[Start of Attachment]
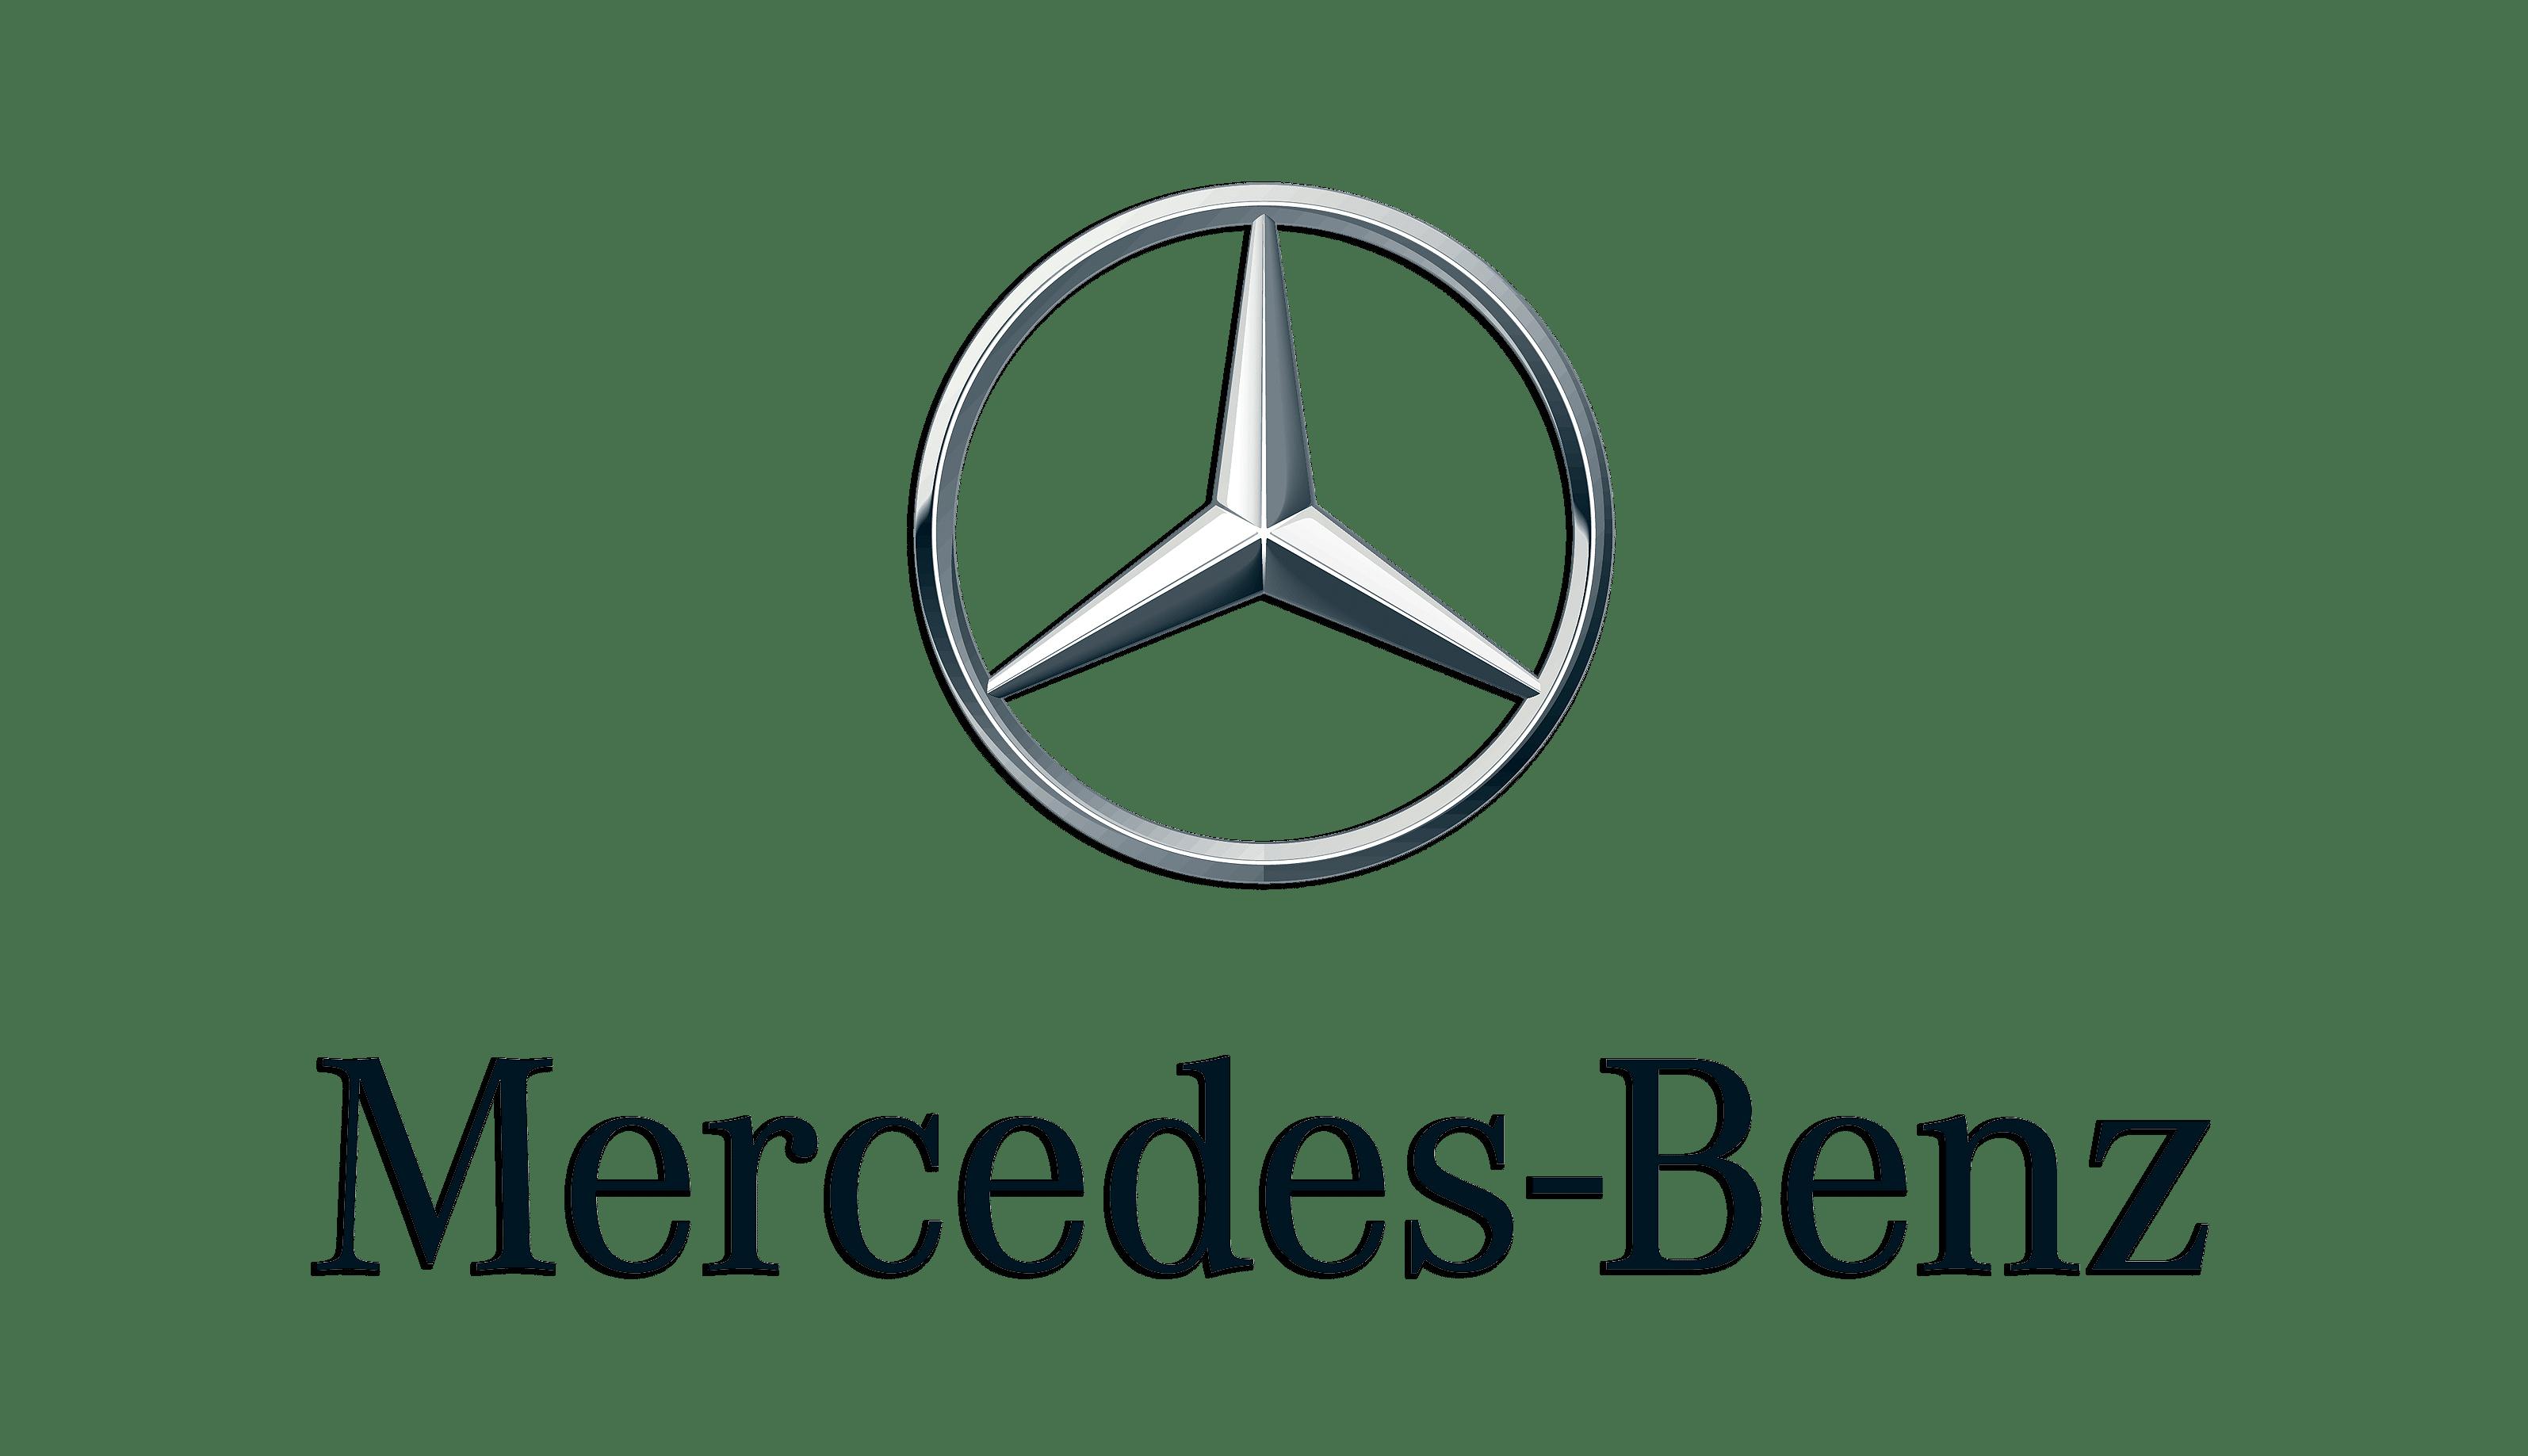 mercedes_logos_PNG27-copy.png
[End of Attachment]
[Start of Attachment]
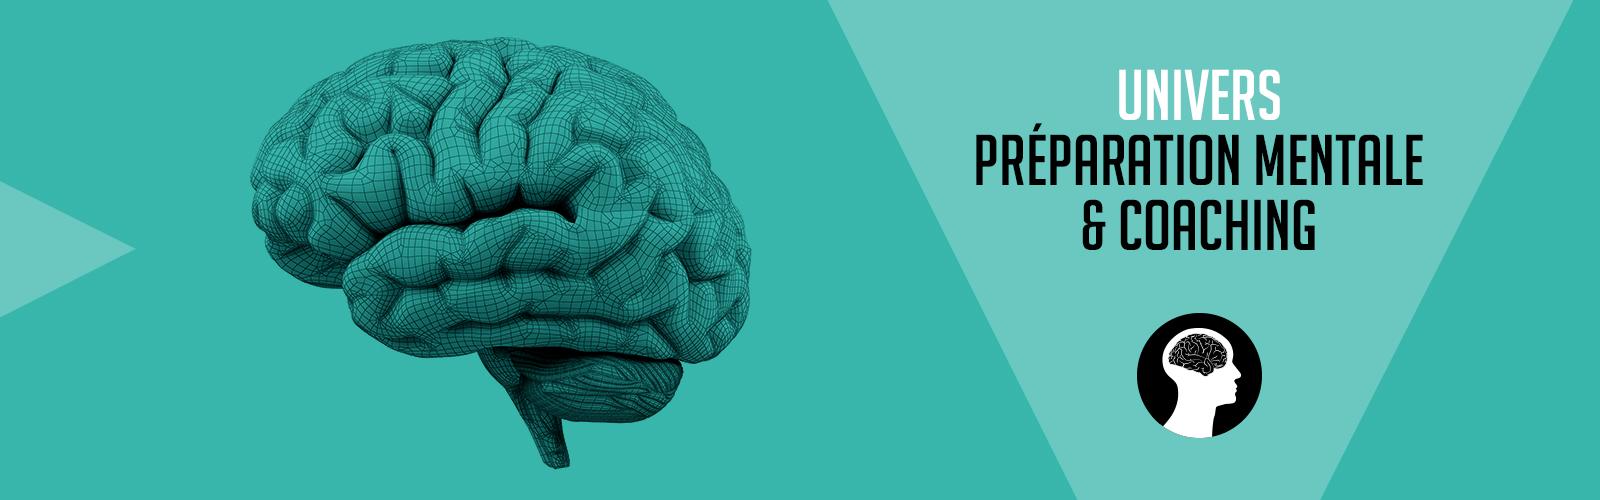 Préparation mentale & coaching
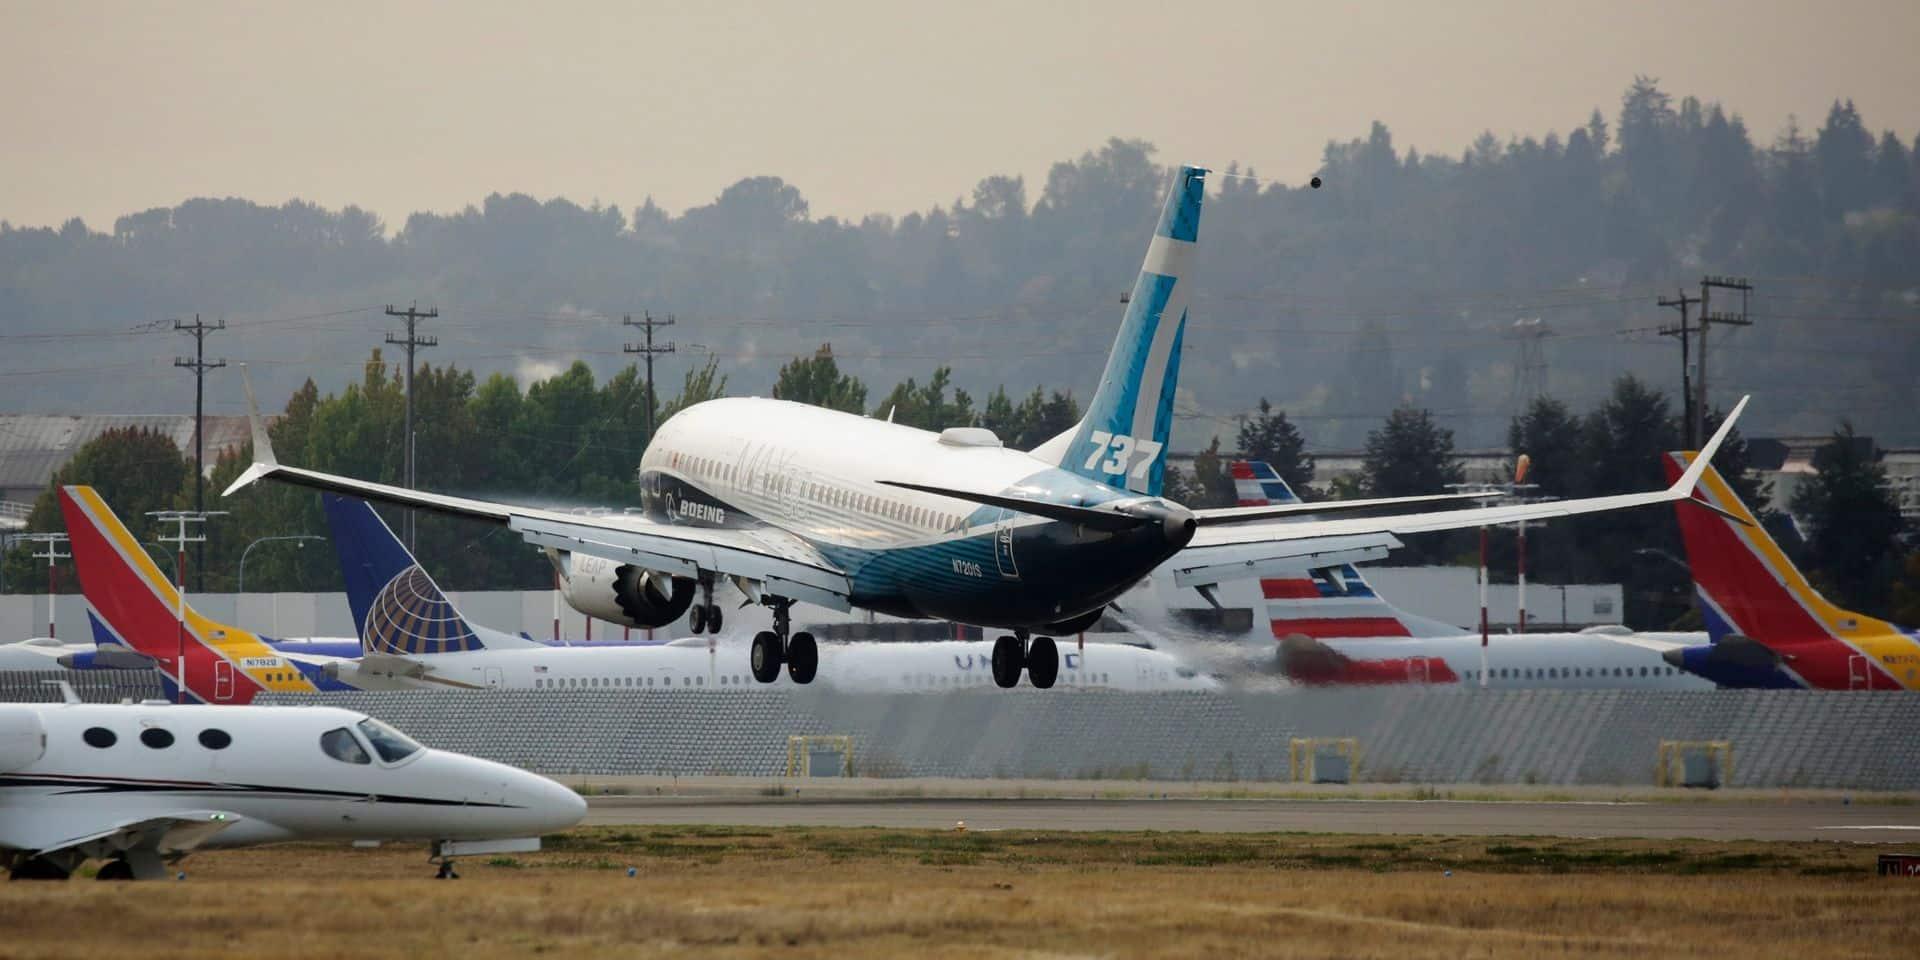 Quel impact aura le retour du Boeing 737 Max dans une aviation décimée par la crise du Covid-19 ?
[End of Attachment]
[Start of Attachment]
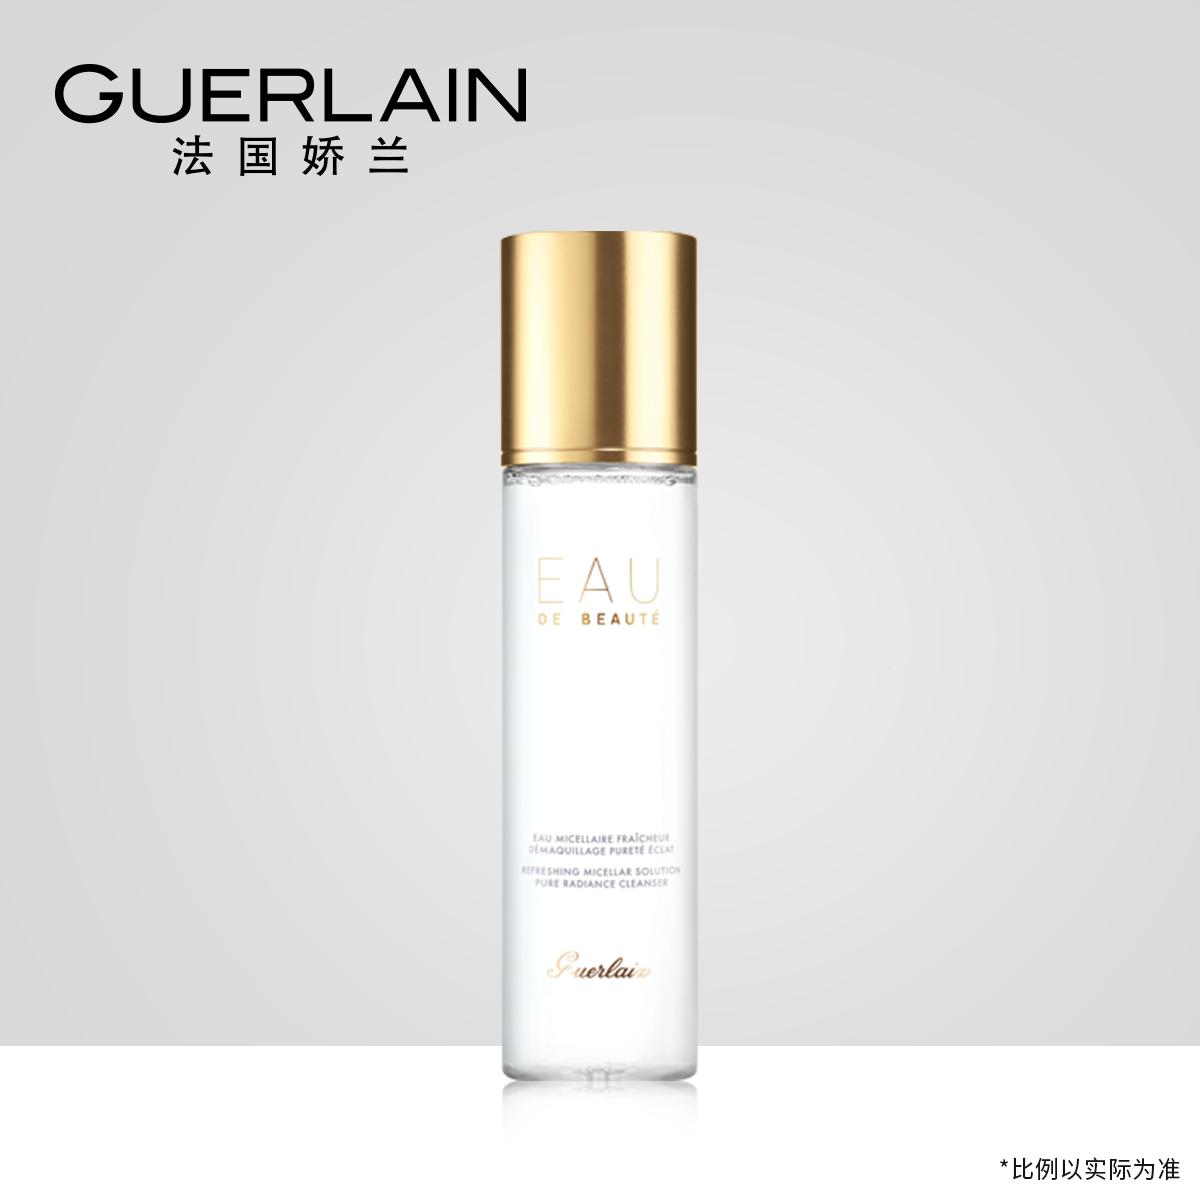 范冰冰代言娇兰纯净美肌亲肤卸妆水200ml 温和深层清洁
[End of Attachment]
**Instructions for the task**
Transcribe the listing above exactly, but only from the line with "Préparation mentale & coaching" through the line with "Quel impact aura". Include both of those lines and omit the pictures.

**Response to the task**
 Préparation mentale & coaching
 Quel impact aura le retour du Boeing 737 Max dans une aviation décimée par la crise du Covid-19 ?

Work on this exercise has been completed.